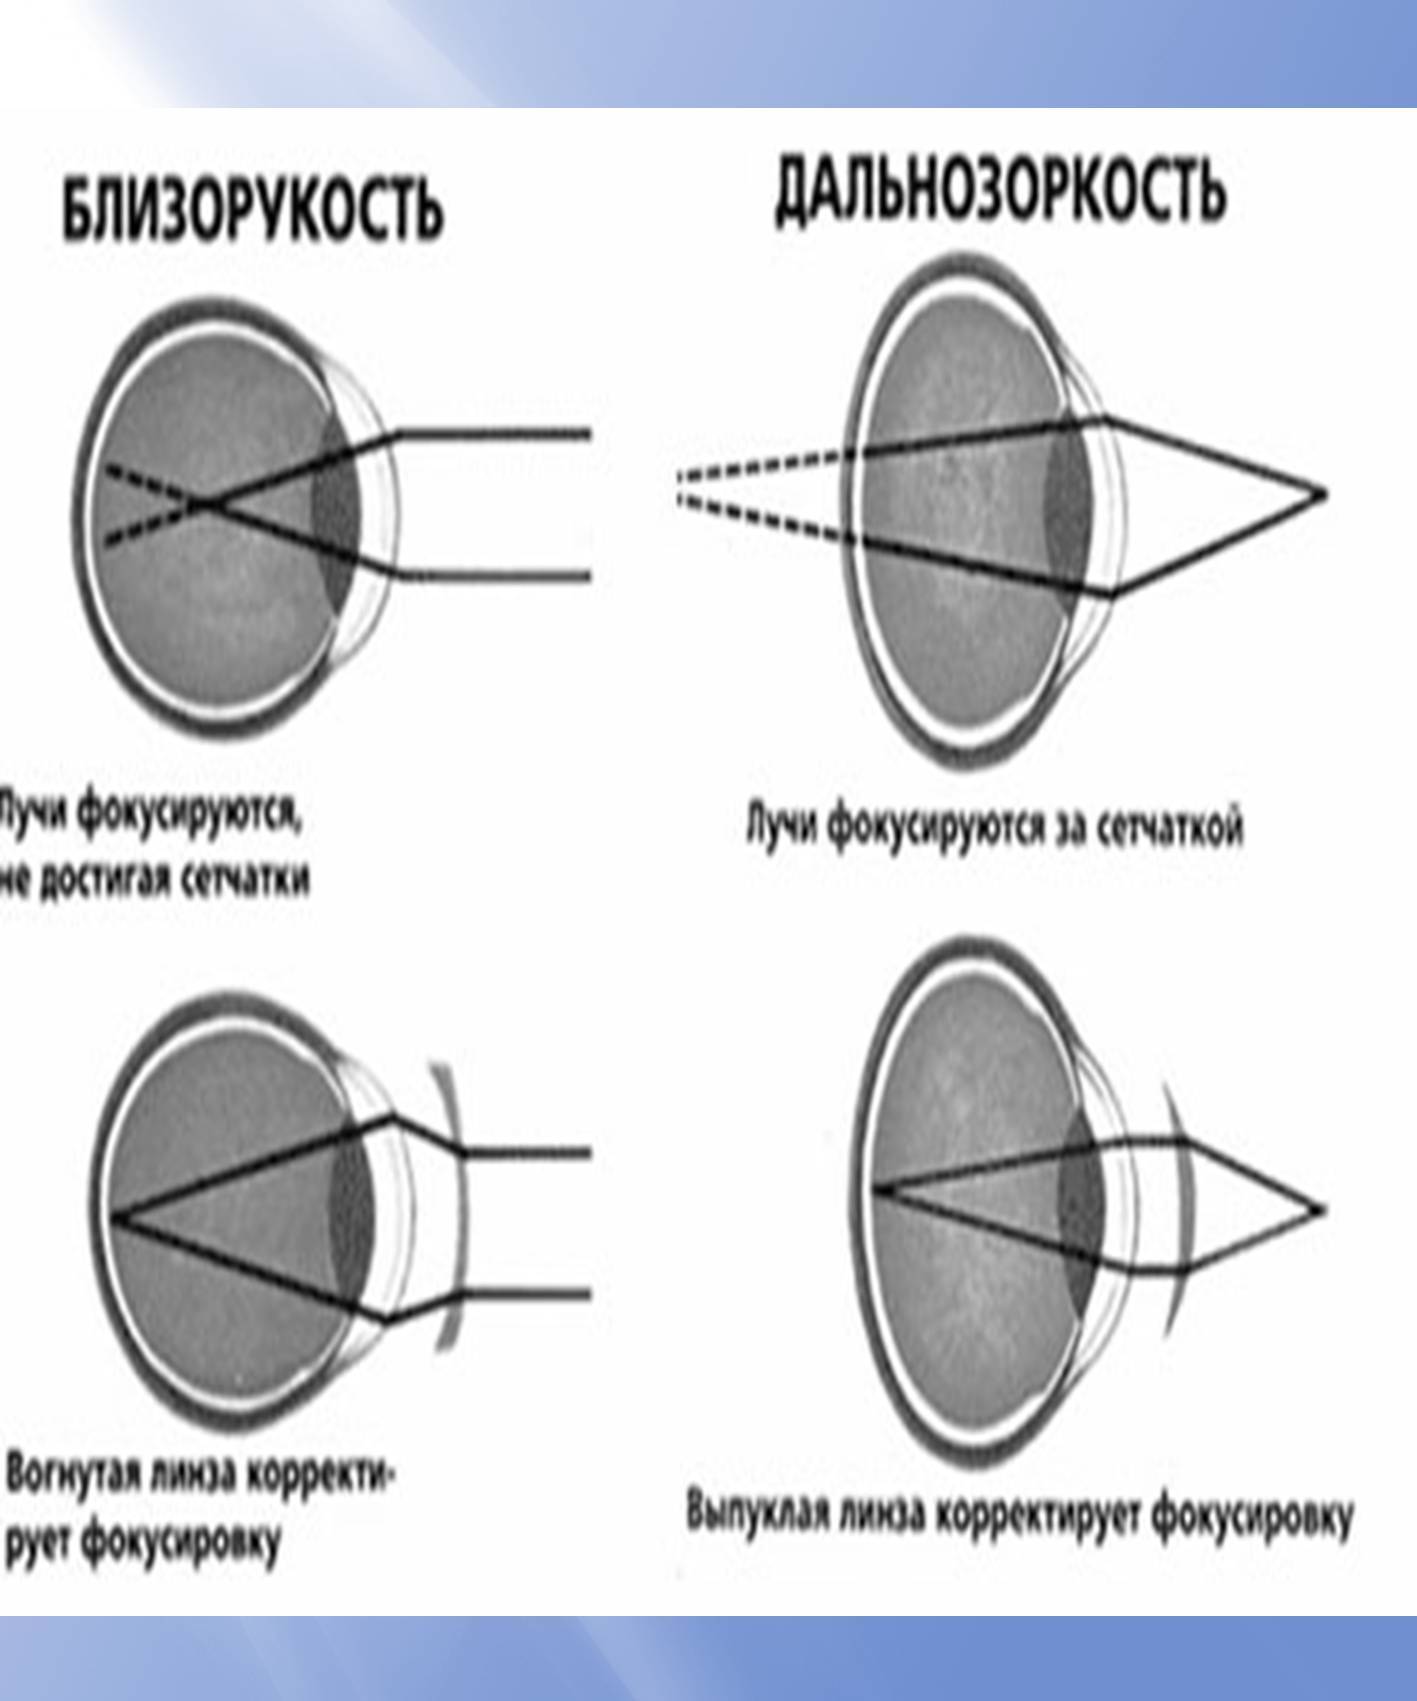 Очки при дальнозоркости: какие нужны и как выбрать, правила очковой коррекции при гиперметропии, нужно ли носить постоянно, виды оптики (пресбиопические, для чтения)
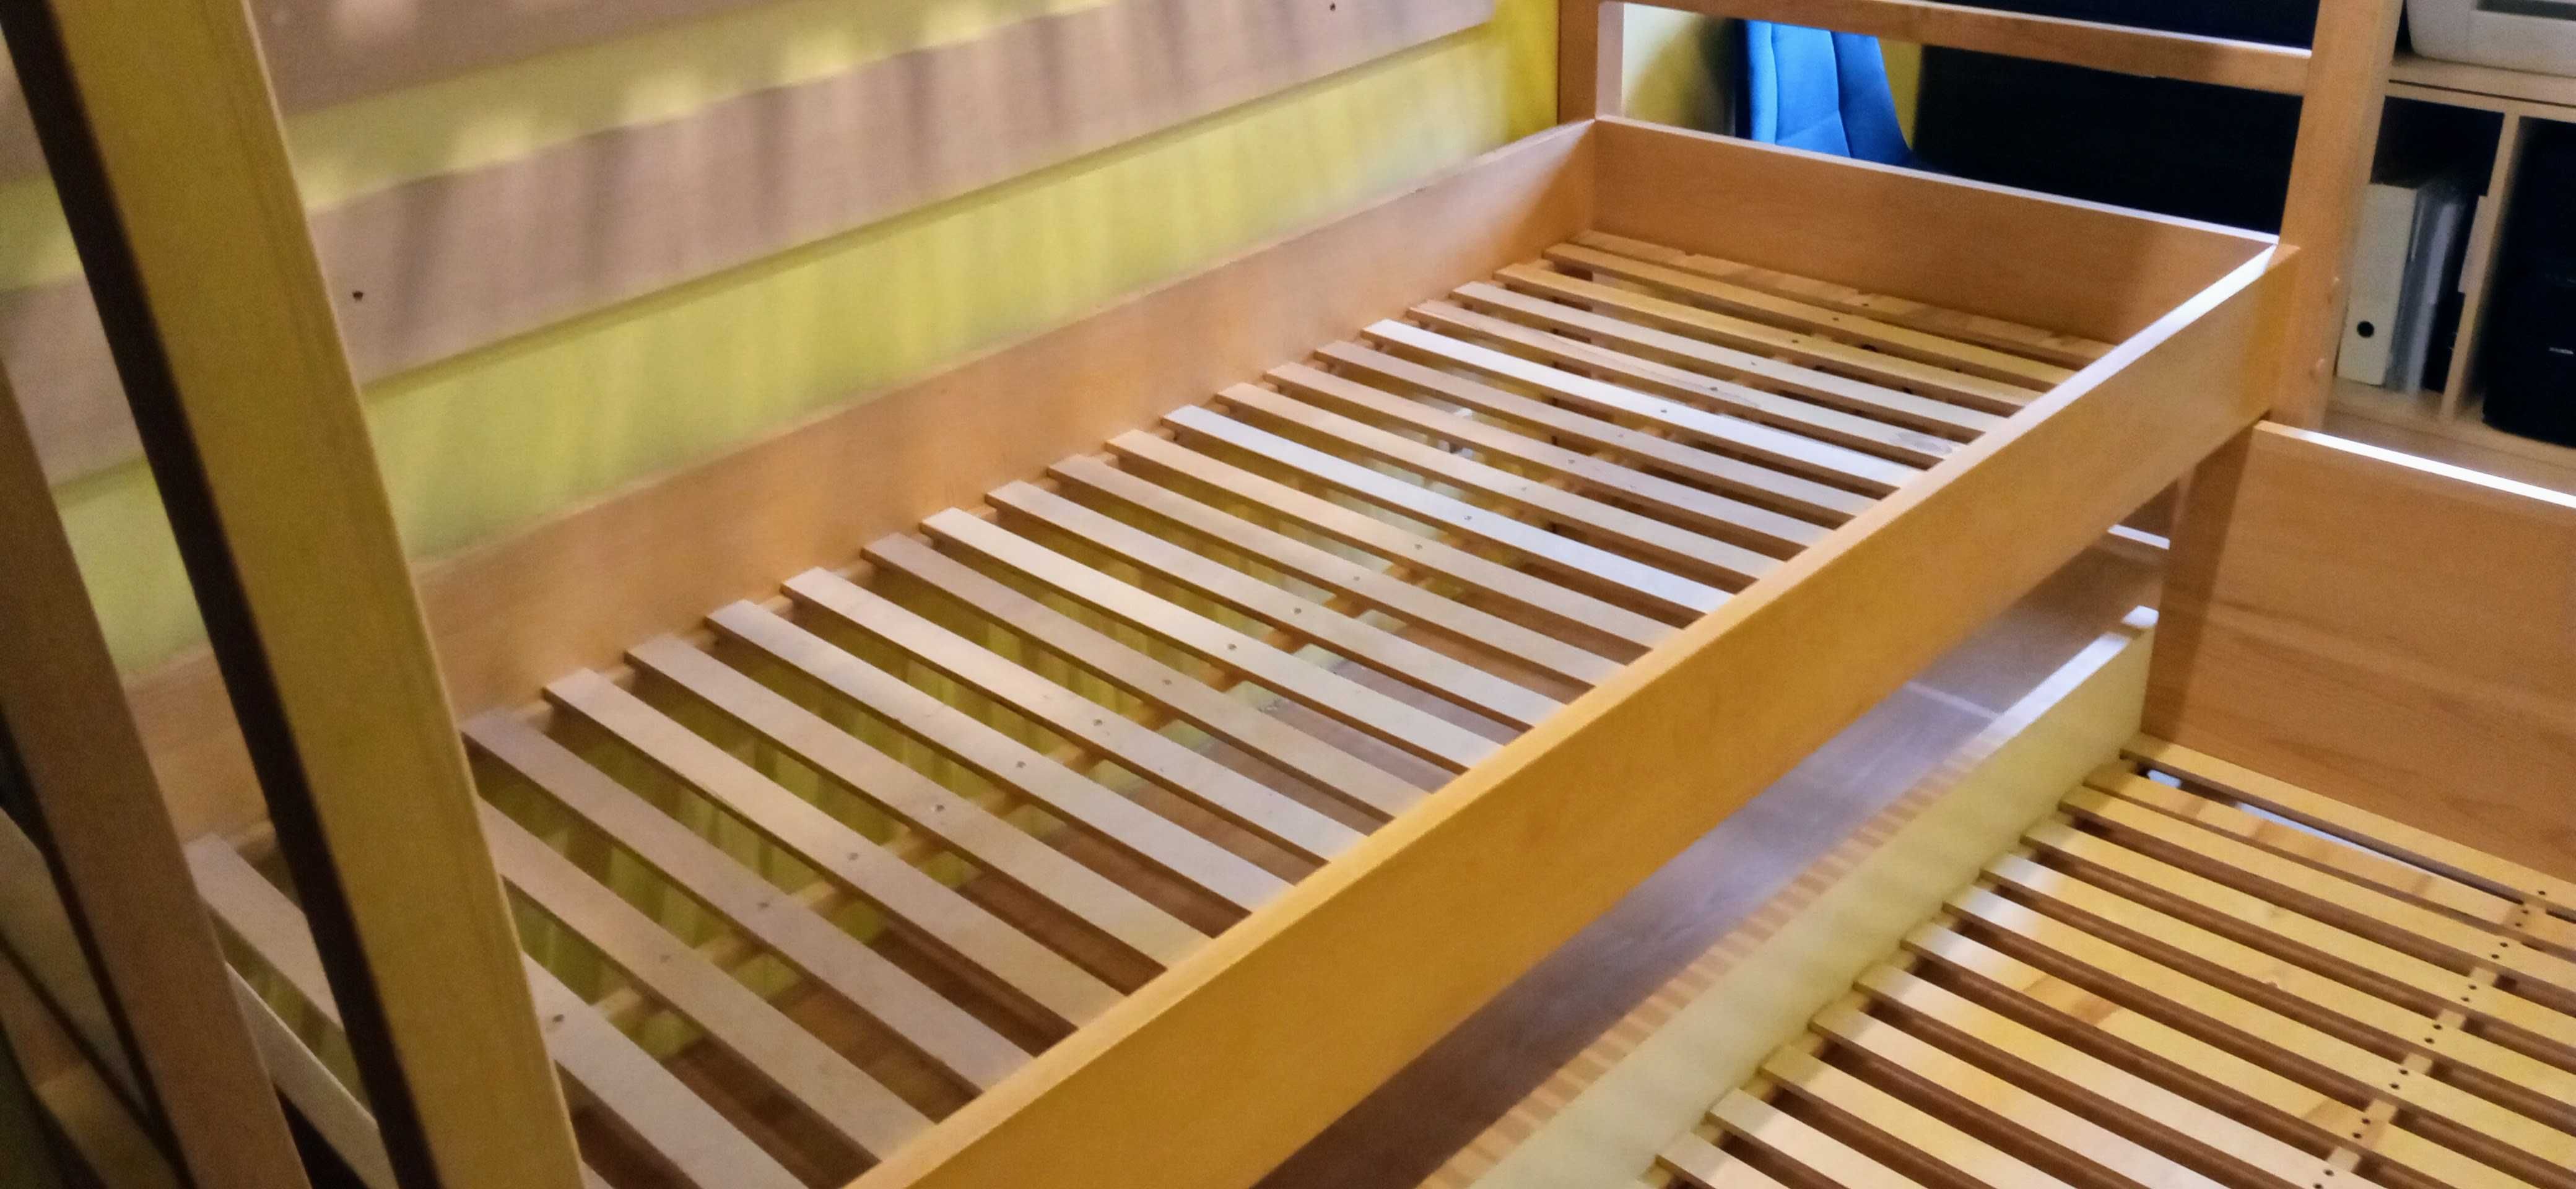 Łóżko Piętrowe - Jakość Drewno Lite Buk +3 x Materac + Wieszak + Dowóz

※ ※ ※

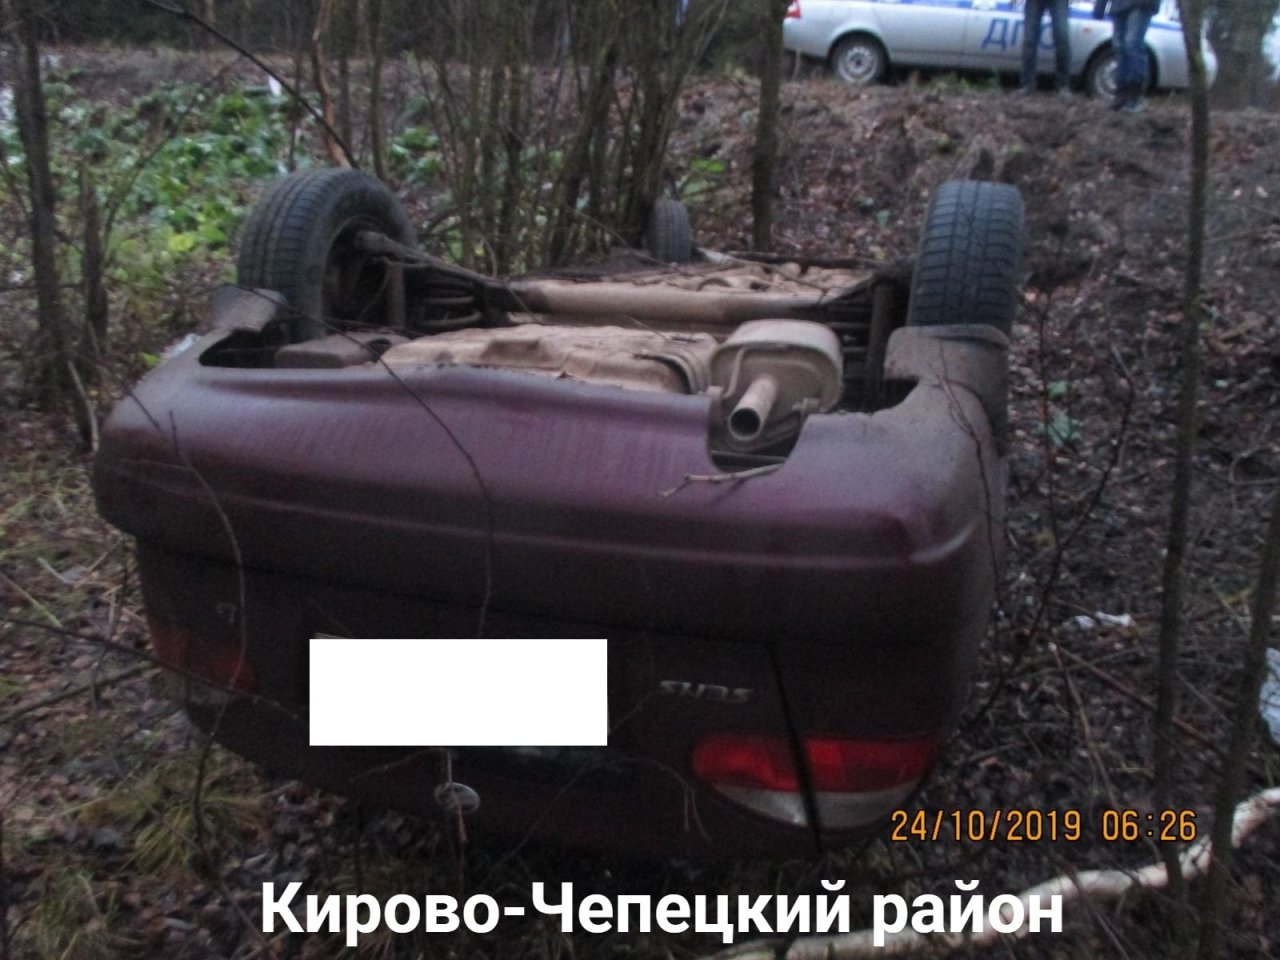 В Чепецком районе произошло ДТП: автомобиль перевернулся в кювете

※ ※ ※

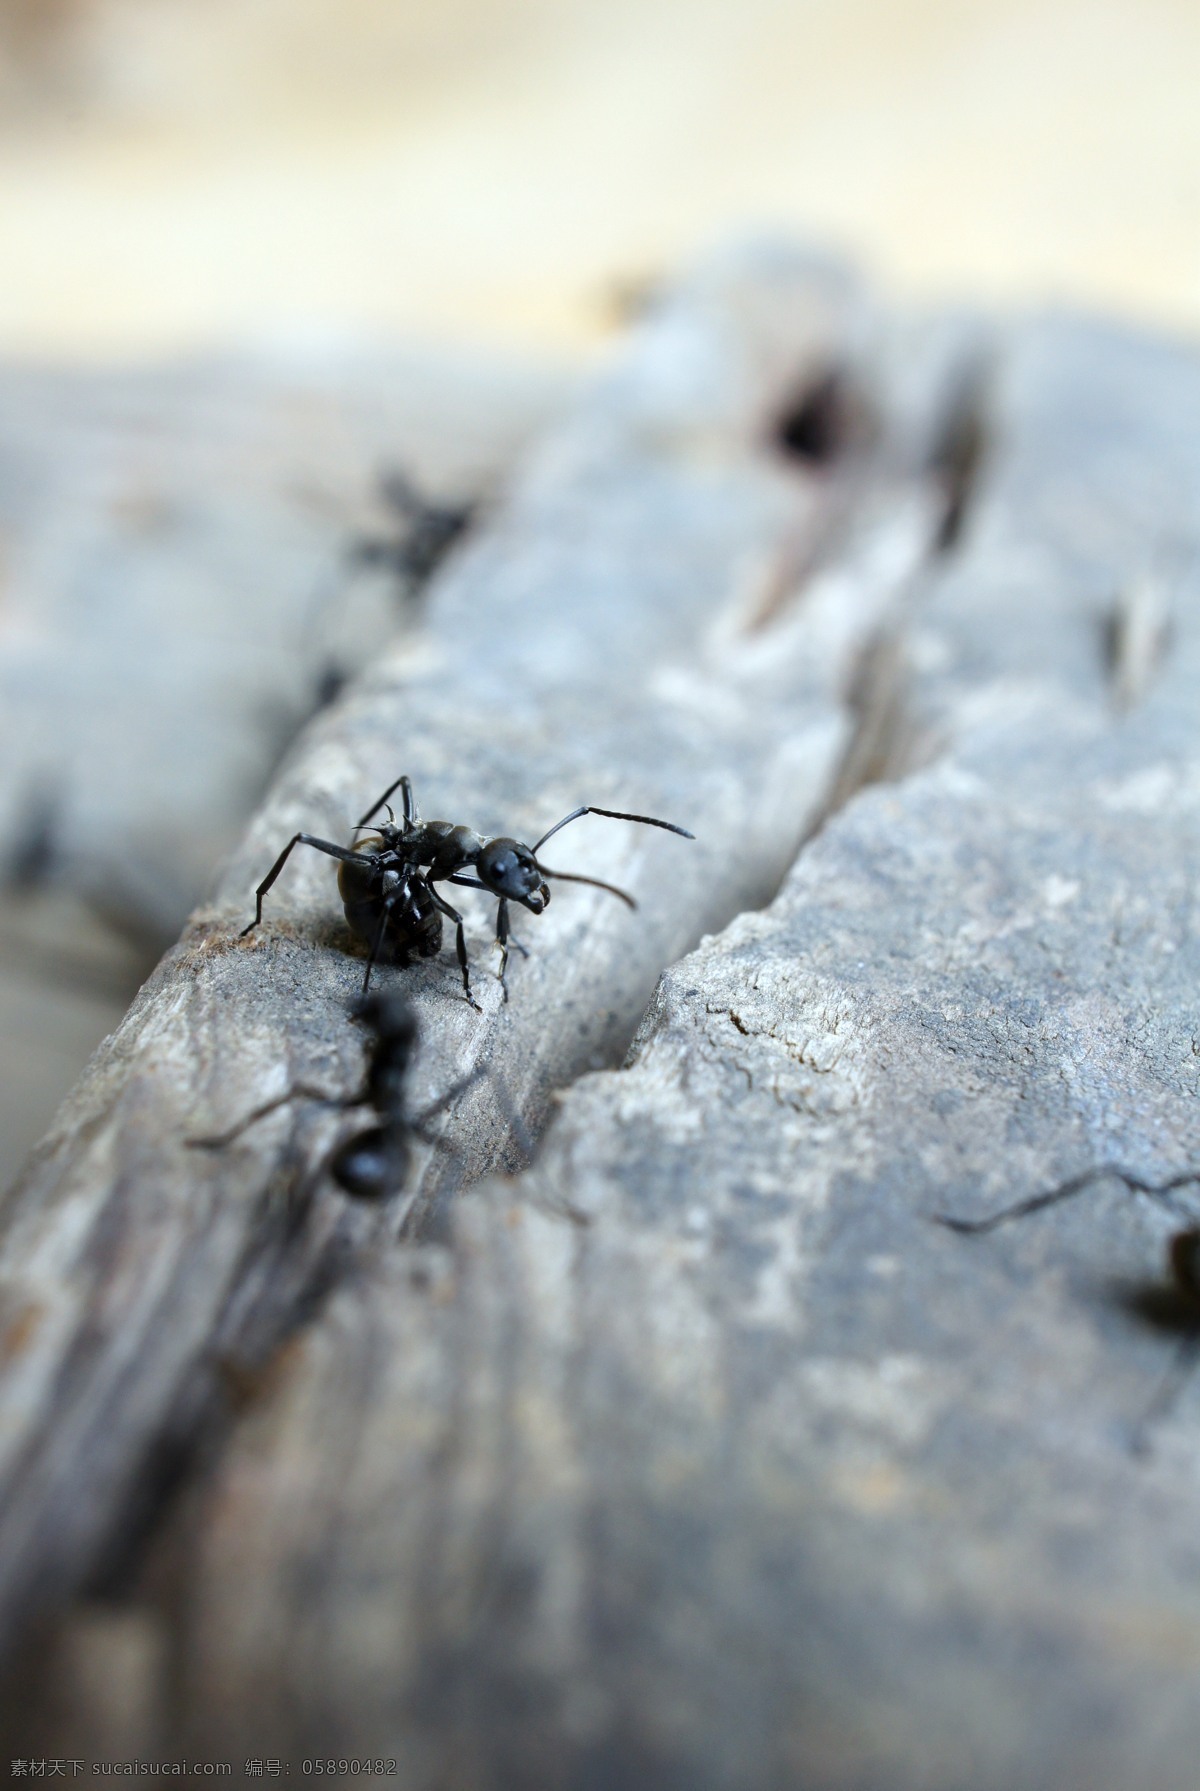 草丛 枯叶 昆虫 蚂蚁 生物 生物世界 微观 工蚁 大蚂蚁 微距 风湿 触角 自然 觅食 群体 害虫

※ ※ ※

Go to the line above that has "Очки при дальнозоркости: какие" and copy exactly from there down to the line that has "Łóżko Piętrowe - Jakość", both included. Leave the pictures out.

Output for this exercise |
 Очки при дальнозоркости: какие нужны и как выбрать, правила очковой коррекции при гиперметропии, нужно ли носить постоянно, виды оптики (пресбиопические, для чтения)
 Łóżko Piętrowe - Jakość Drewno Lite Buk +3 x Materac + Wieszak + Dowóz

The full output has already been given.